> **Task description**
Could you write out, exactly as they stand, only the lines in the listing below from the line with "Светильник уличный Arte" to the line with "Mcstuffins Inspired Crochet", both ends included, without the pictures?

> **Data listing**
-- Opening Marker --
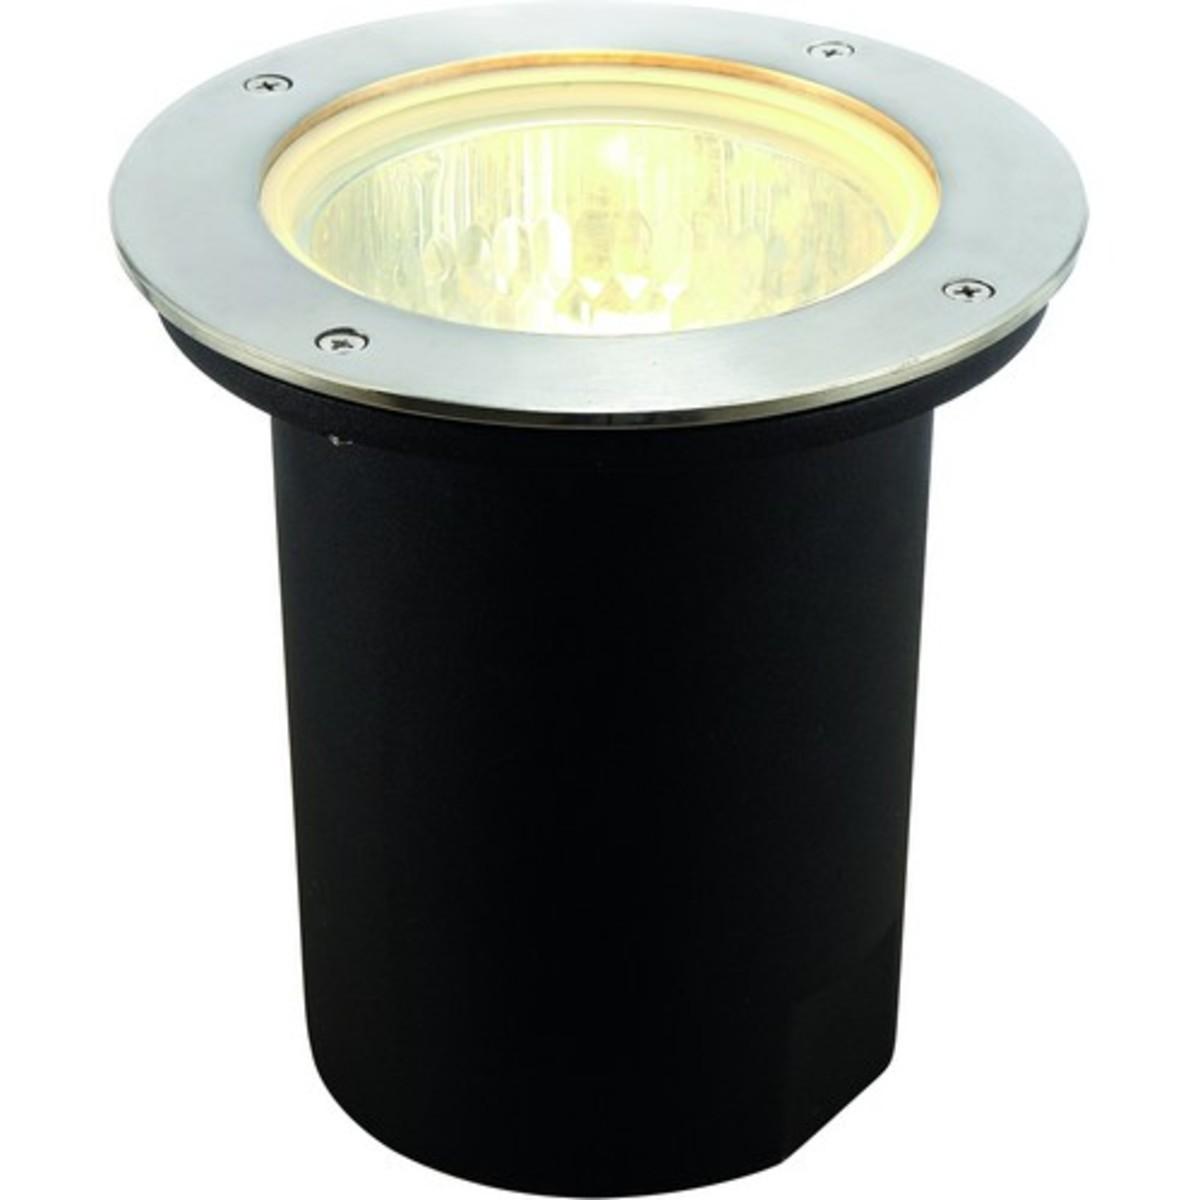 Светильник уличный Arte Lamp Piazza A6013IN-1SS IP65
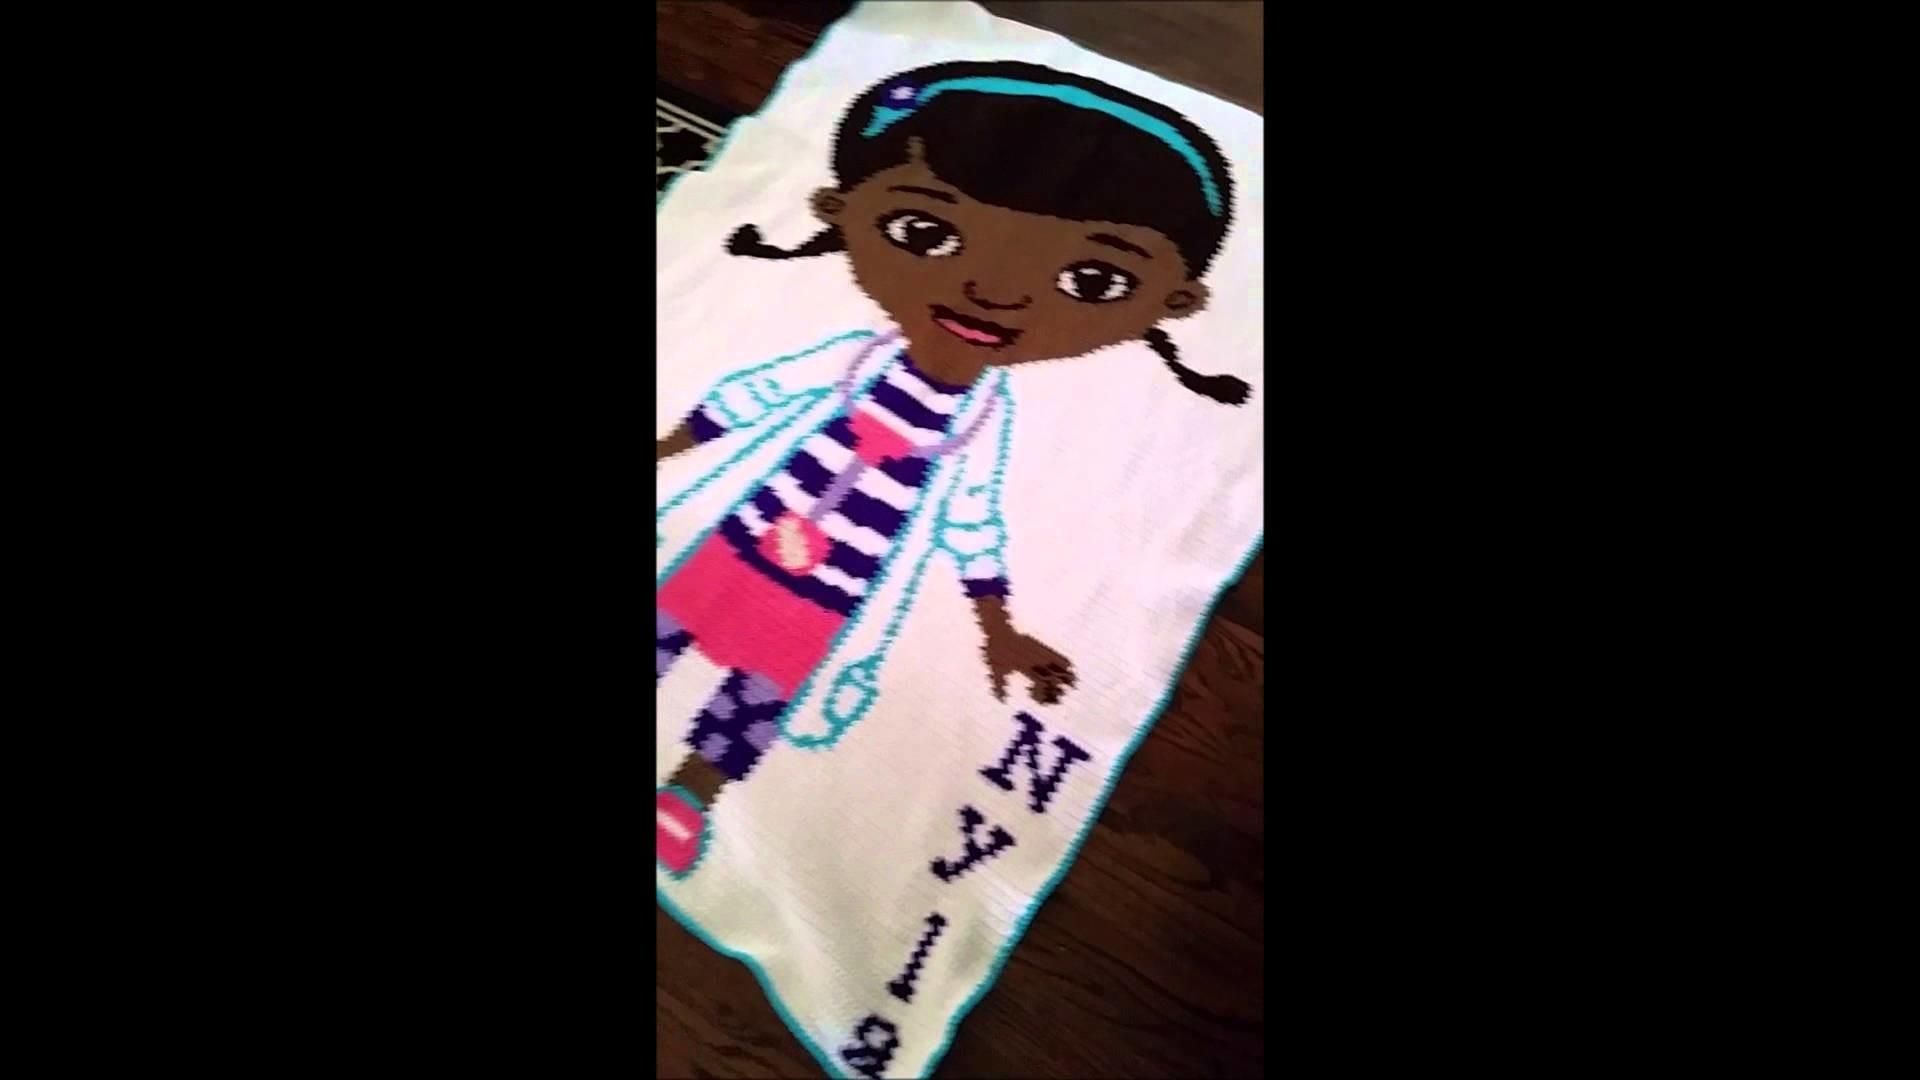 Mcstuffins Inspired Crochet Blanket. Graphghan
-- Closing Marker --
-- Opening Marker --
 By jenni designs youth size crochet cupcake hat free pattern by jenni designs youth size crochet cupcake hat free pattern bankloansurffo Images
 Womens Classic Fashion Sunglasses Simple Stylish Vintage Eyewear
-- Closing Marker --
> **Result of the task**
 Светильник уличный Arte Lamp Piazza A6013IN-1SS IP65
 Mcstuffins Inspired Crochet Blanket. Graphghan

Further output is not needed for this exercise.